Other states and municipalities that have passed legislation restricting the use of algorithmic pricing in rental housing include, among others, Connecticut, San Francisco, Philadelphia, Minneapolis, Seattle and Portland, Ore. Meanwhile, broad algorithmic pricing bans and bills focused on rental housing are currently pending in several states.

At the federal level, Sen. Amy Klobuchar introduced the Preventing Algorithmic Collusion Act of 2025, which would presume an agreement under federal antitrust law when companies share competitively sensitive information through a pricing algorithm. This bill has been referred to the Senate Judiciary Committee.

Surveillance Pricing Legislation

New York is the first state to enact a law related to the use of consumer data in pricing. The Algorithmic Pricing Disclosure Act requires retailers that set prices using an algorithm based on consumers’ personal data to display a disclosure stating, “THIS PRICE WAS SET BY AN ALGORITHM USING YOUR PERSONAL DATA.” Personal data is defined as “any data that identifies or could reasonably be linked, directly or indirectly, with a specific consumer or device.” Failure to comply may result in civil penalties of up to $1,000 per violation. A similar transparency bill is pending in Illinois.

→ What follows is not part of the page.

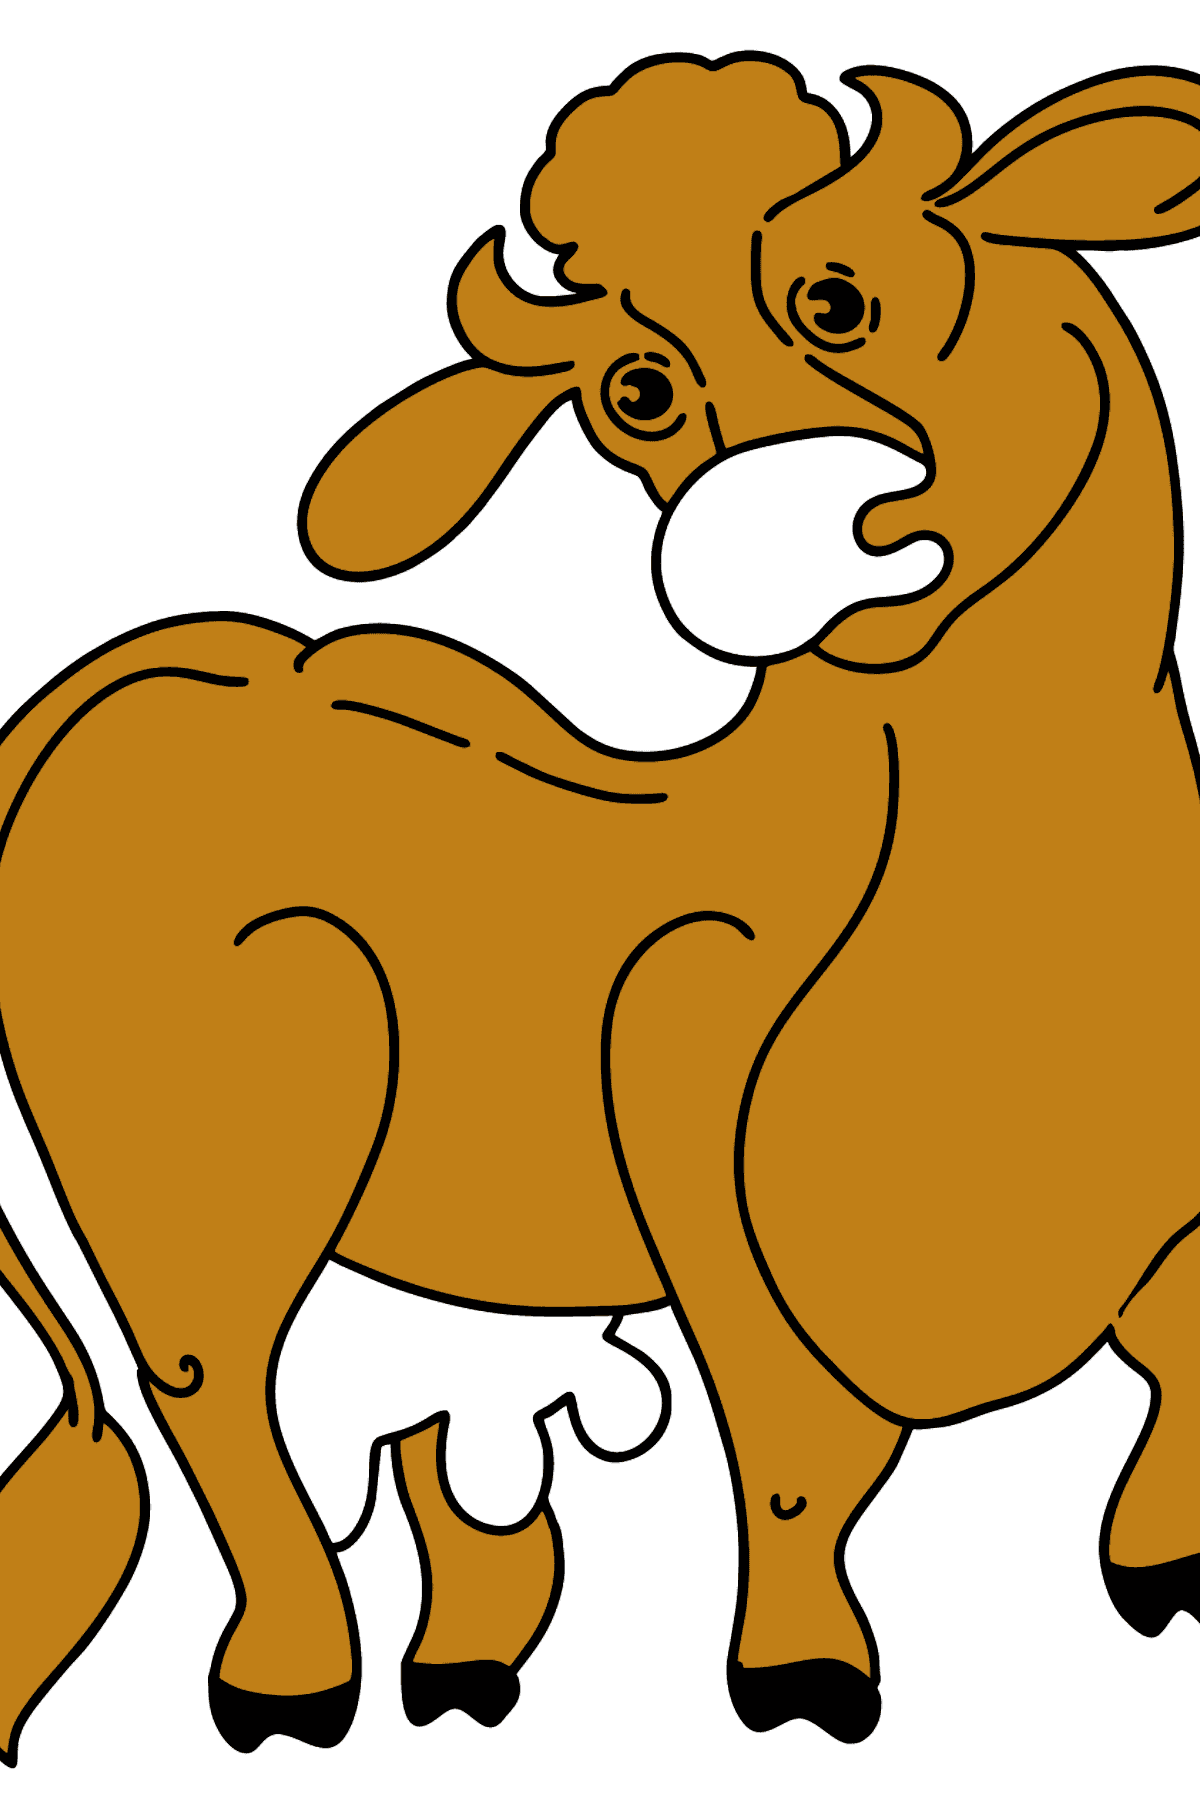 Cow coloring page - Coloring Pages for Kids

Companion New York Senate and Assembly bills, S8623 and A9349, which are currently in committee, seek further restrictions and would prohibit the use of personalized algorithmic pricing that relies on personal data that “identifies or could be reasonably linked, directly or indirectly, with a specific consumer or device.” These bills also propose a disclosure requirement for entities that use software and algorithms to adjust the prices of goods and services based on factors other than consumers’ personal data. S8616 and A9396 propose similar bans on personalized algorithmic pricing by grocery and drug stores.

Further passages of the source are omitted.